- Other names: Syndrome X
- Usual onset: Usually detected at or after age 3, but likely present at birth
- Causes: Possibly genetic (de novo mutations)
- Frequency: Extremely rare: fewer than 100 confirmed cases worldwide

= Neotenic complex syndrome =

Congenital extreme form of developmental delay and neoteny

Neotenic complex syndrome (NCS) is a possibly genetic syndrome that presents as an extreme form of developmental delay, with the defining characteristic being neoteny of the patient. It was named in 2017 by Dr. Richard F. Walker, who discovered several genes implicated in the syndrome.

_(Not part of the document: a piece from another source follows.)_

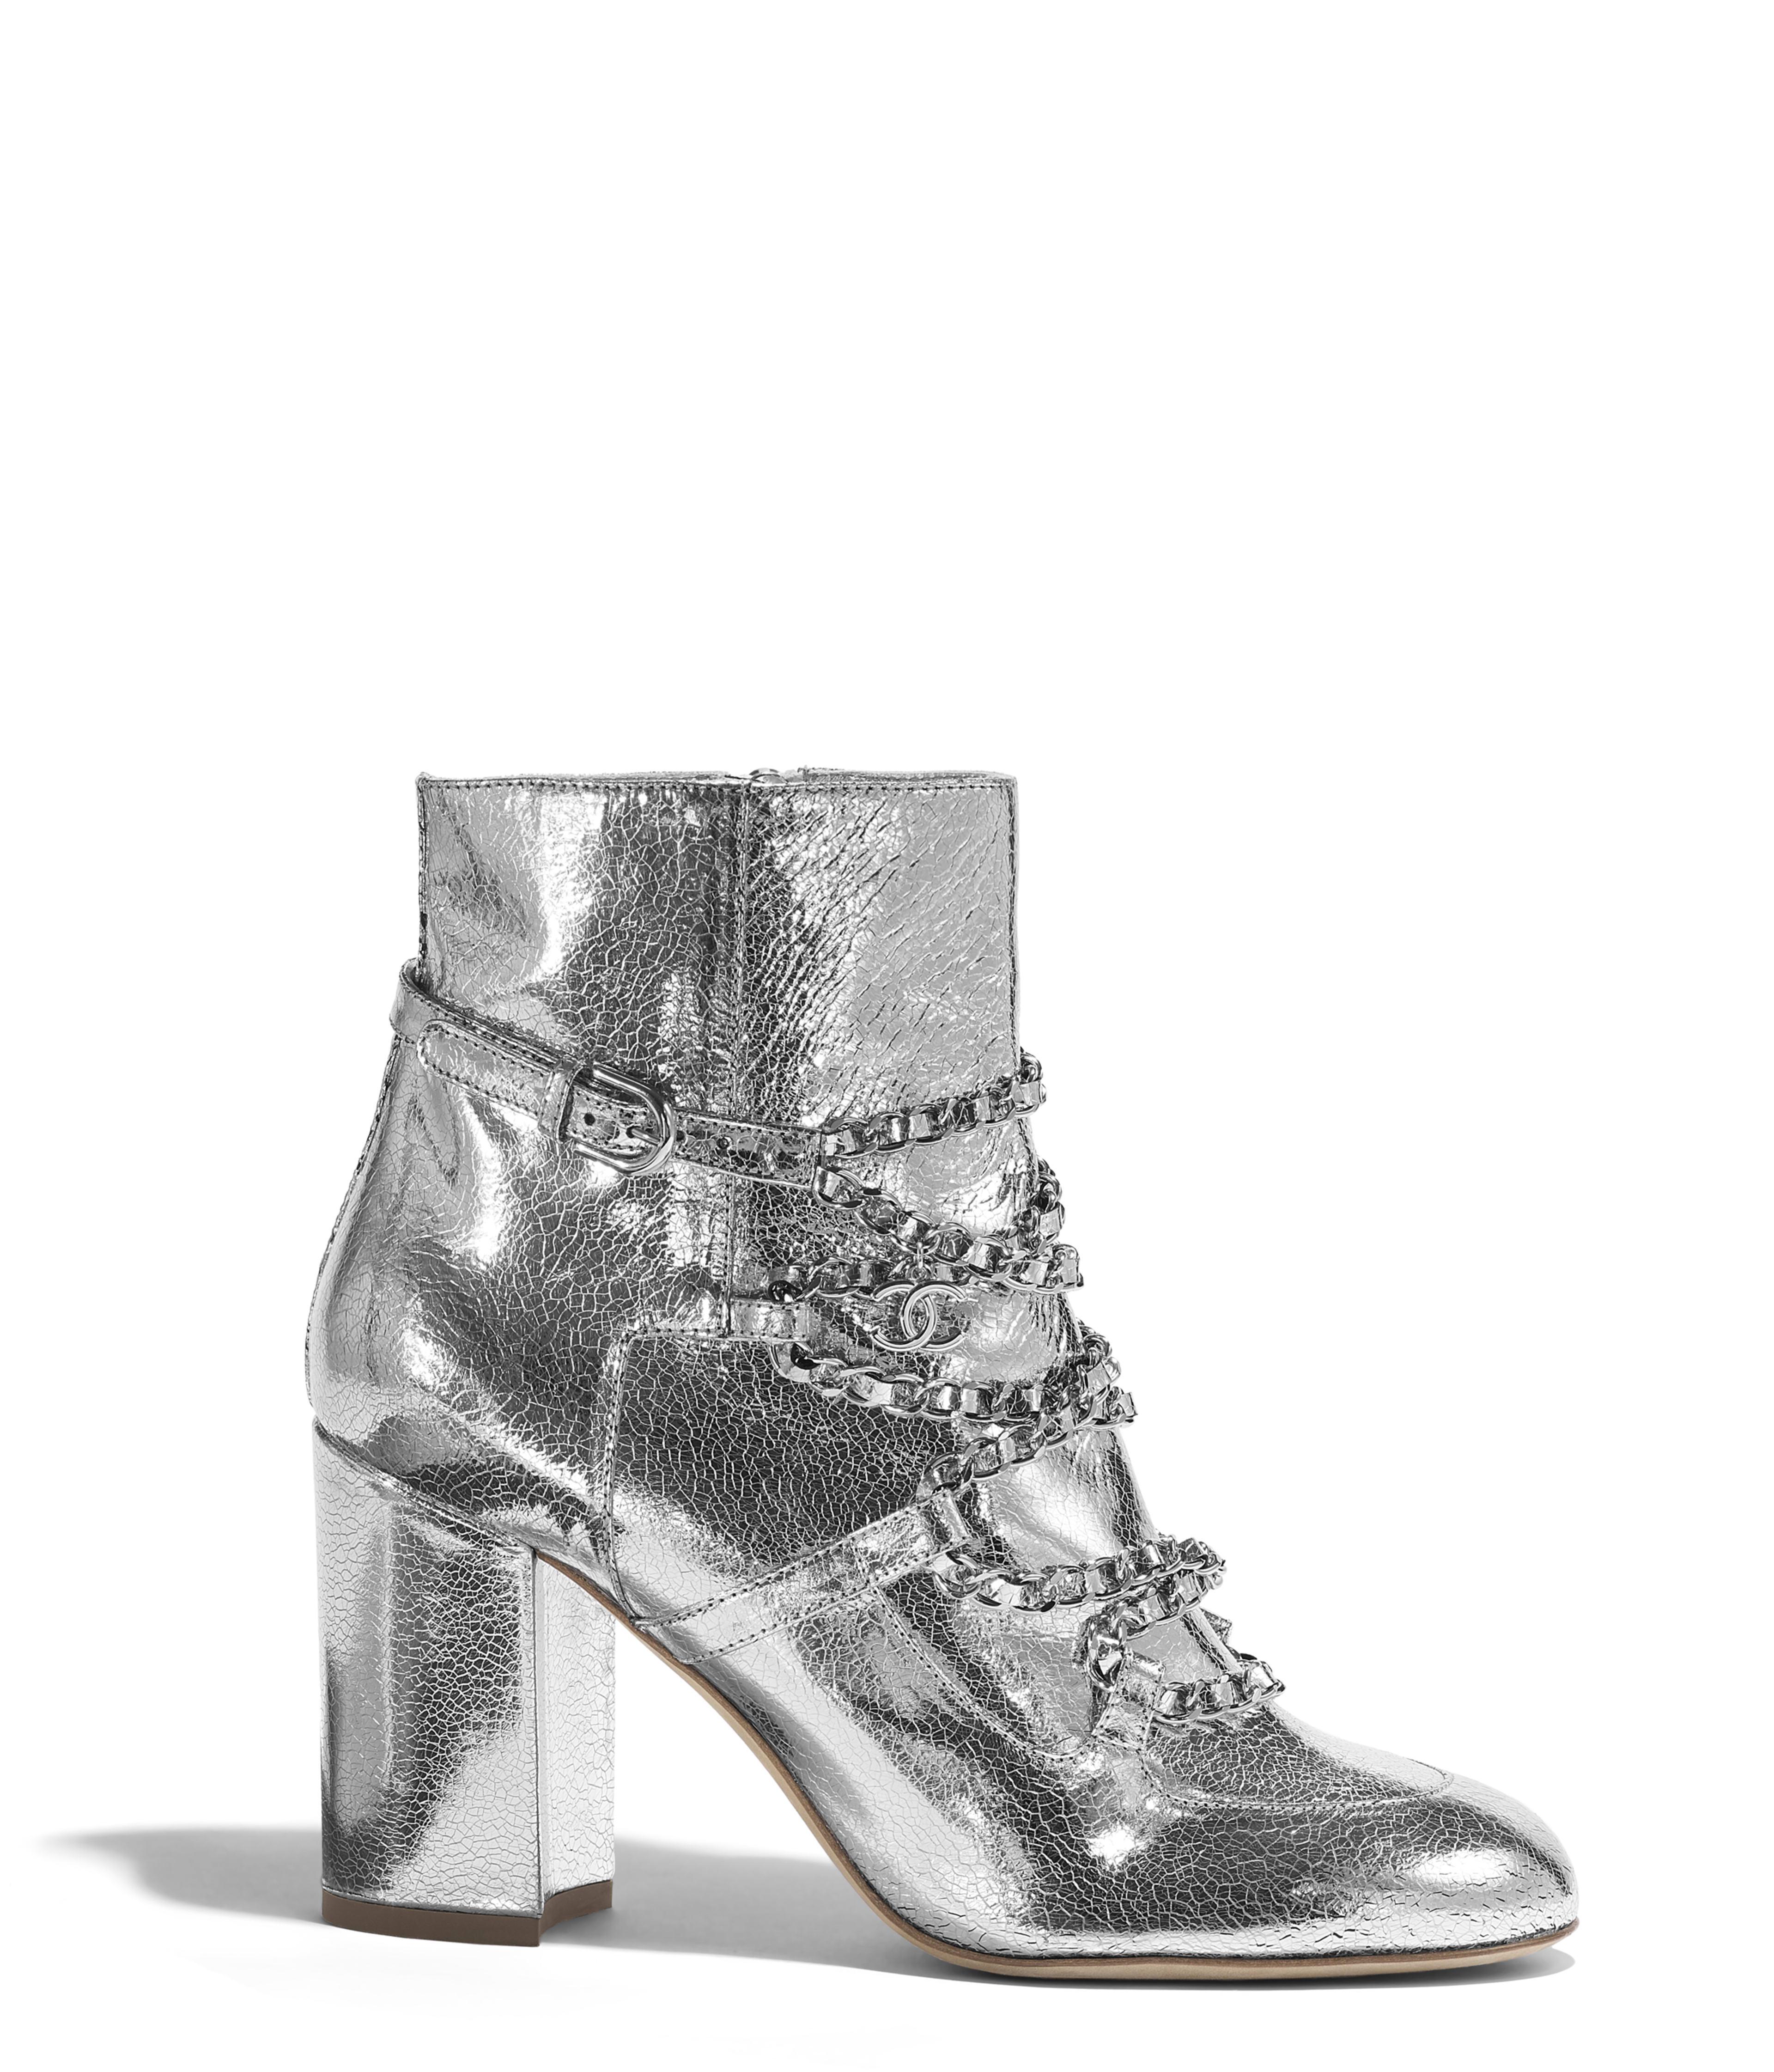 8a694fc88c3e41 Short Boots Laminated Goatskin, Silver Ref. G34489X529670H559

Prior to 2015, when whole genome sequencing was used to identify some genes involved in NCS, the condition was labelled "Syndrome X" when it was first discovered in Brooke Greenberg. Thereafter, others with the developmental symptoms were sought out in order to find common genetic aberrations that could provide clues as to cause. To date, seven human females have been diagnosed with NCS. In five patients, coding de novo mutations were found in five different genes which fall into similar functional categories of transcription regulation and chromatin modification.

== Genetics ==
In most of the patients analyzed, researchers identified missense de novo mutations in a set of genes. Mutations in three of these genes (DDX3X, TLK2 and HDAC8) were shared with those found in databases of individuals with developmental delay or autism spectrum disorder. A mutation in one gene (TMEM63B) was identified in a large knockout mouse study as likely to result in disease in humans. In two patients, a small (~150 kb) non-coding region of chromosome X was discovered to have a rare haplotype. This region appears to have regulatory functions (histone acetylation and DNase I hypersensitivity) and is in close proximity to several genes (AP1S2, MRX59, MRXSF, MRXS21, MRXS5 and PGS) involved in intellectual disability. The fact that NCS has so far only been found in females may be by chance or may be due to the X linkage of some of the genes and regions potentially responsible for NCS, in which the lack of a healthy copy on a second X chromosome could render the disease lethal in males.

Whether or not these mutations contribute to NCS is unclear. Not enough research has been conducted, complicated by the rarity of the syndrome. Many genetic differences were noted to be insignificant, and the effects of mutations in some genes are currently beyond scientific understanding.

== History ==
An 1888 article in the newspaper The Diamond Drill of Crystal Falls, Michigan, describes a 17-year-old girl from Stockerau, Vienna, named Maria Schumann. Due to her condition (identified at the time as "microcephaly"), she had never outgrown the mental state or size of an infant, but was of "sound composition". She could not speak or chew, consumed only liquids and pulpy foods despite having all of her teeth, and often slept for 2 days and 2 nights at a time.